*** Information supplied ***

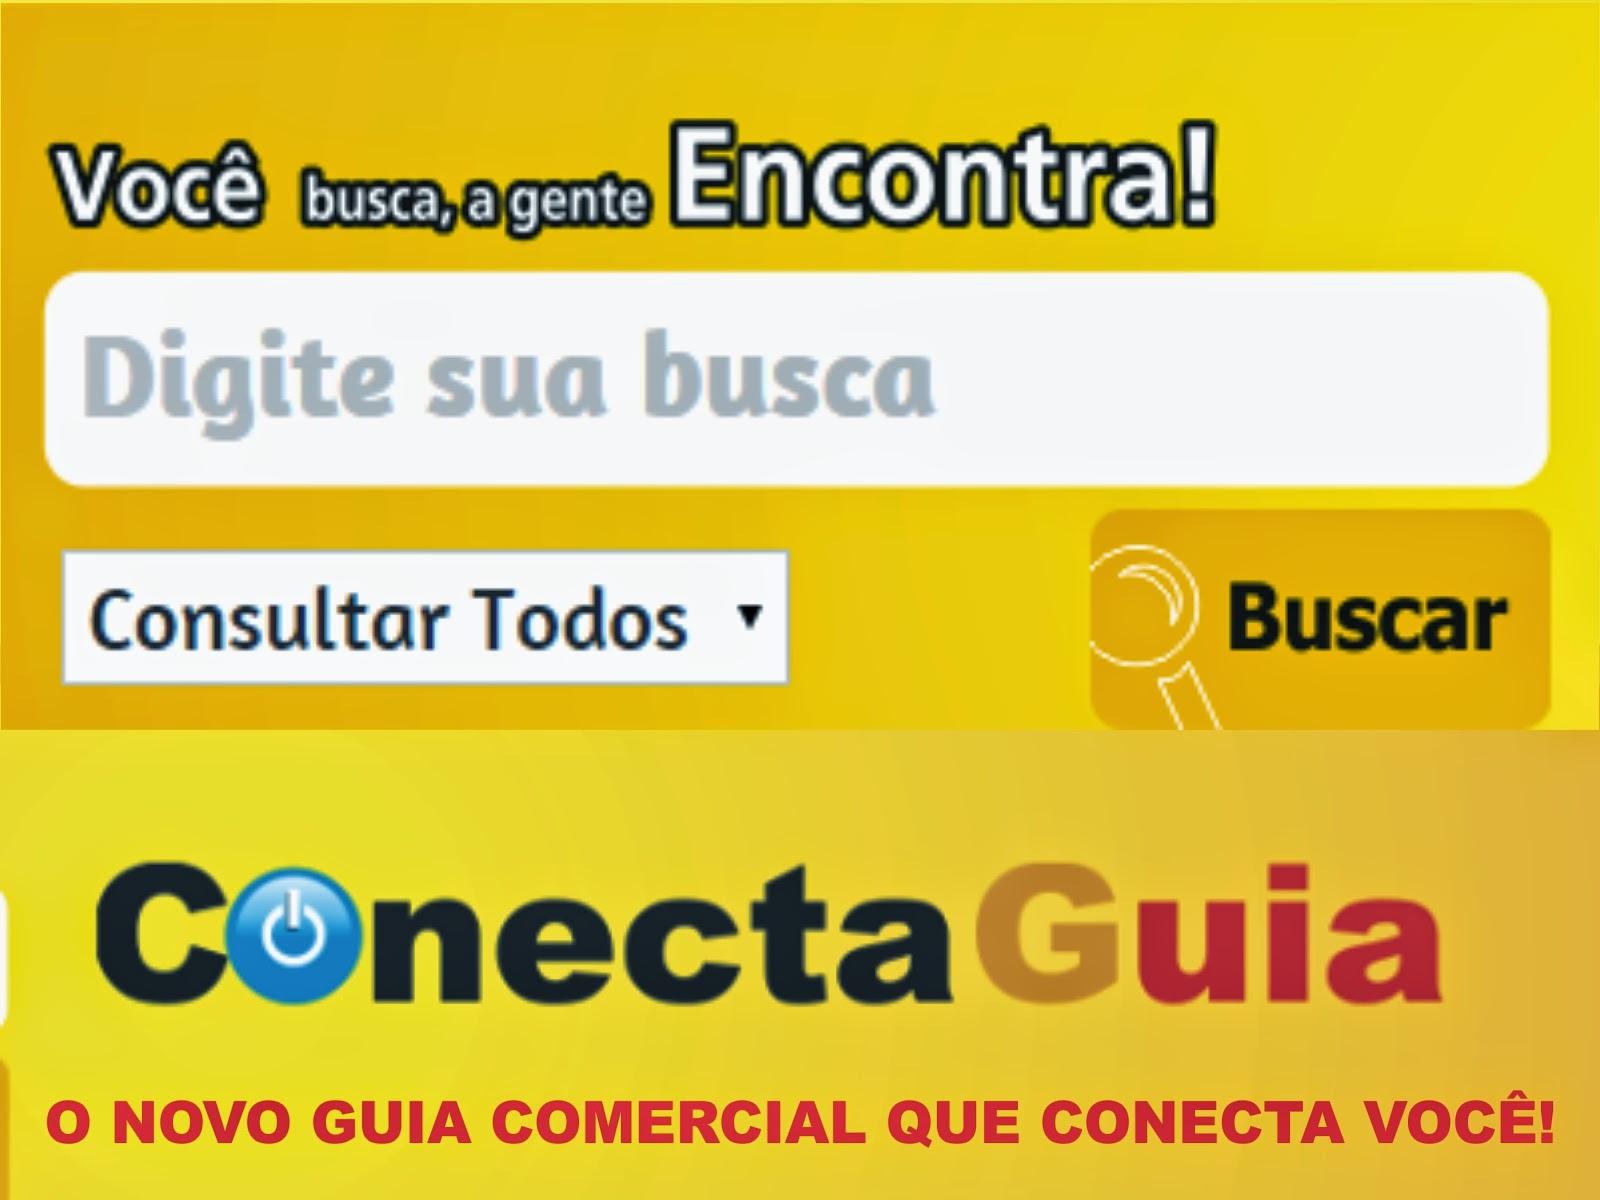 http://www.conectaguia.com
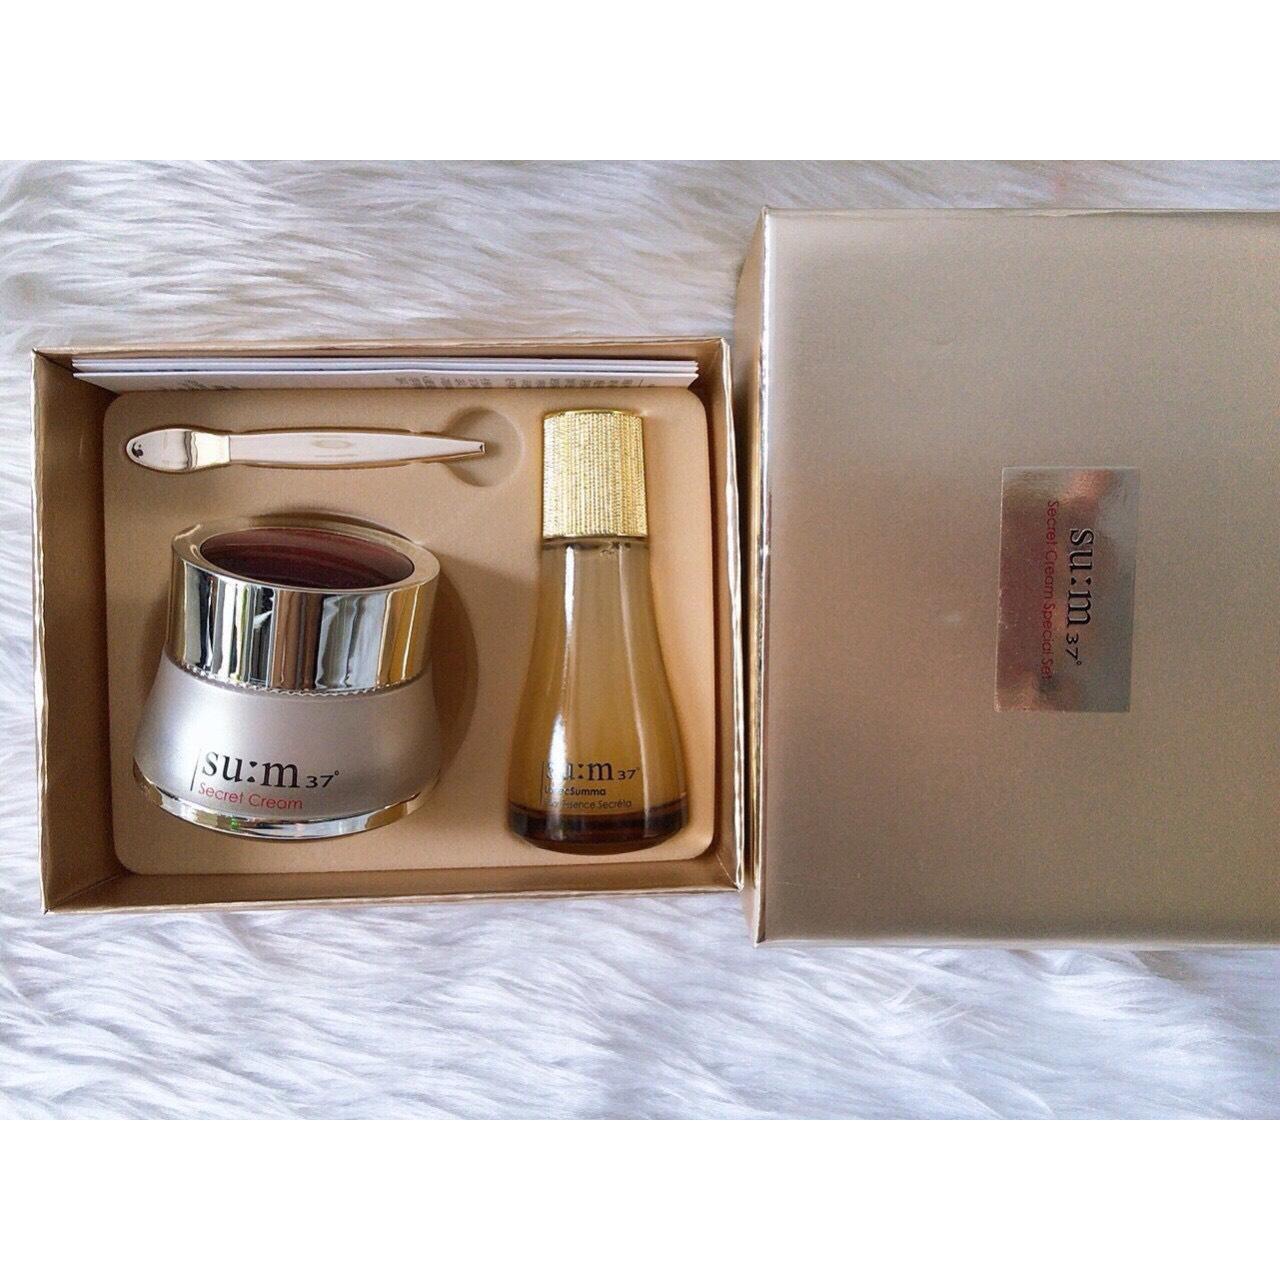 Bộ kem dưỡng và nước thần thanh lọc ngăn ngừa lão hóa Su:m37 Secret Cream Set 40ml
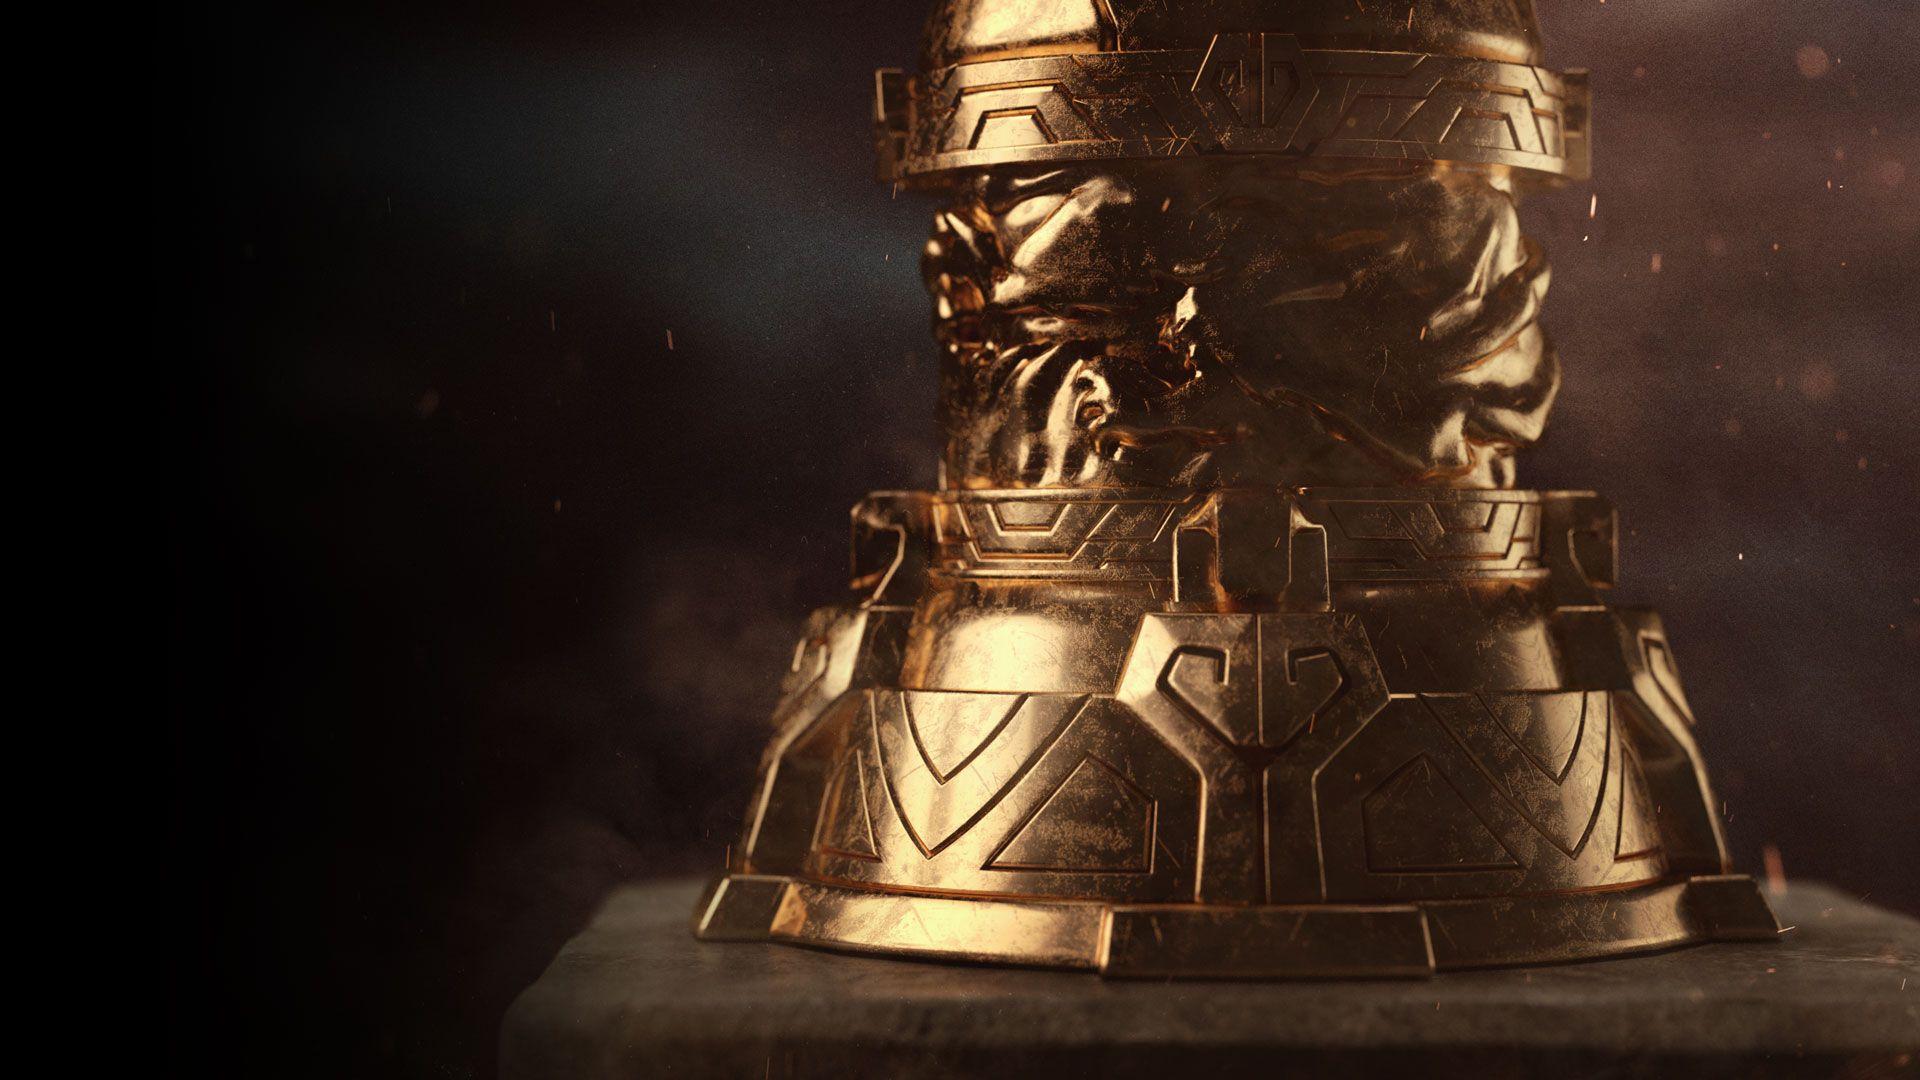 Comienza la fase de grupos del MSI 2019 de League of Legends

*** End of Information supplied ***

■ **About this task**
Only the pictures are to be dropped; the rest of the material above must be duplicated exactly.

■ **Response to the task**
 http://www.conectaguia.com
 Bộ kem dưỡng và nước thần thanh lọc ngăn ngừa lão hóa Su:m37 Secret Cream Set 40ml
 Comienza la fase de grupos del MSI 2019 de League of Legends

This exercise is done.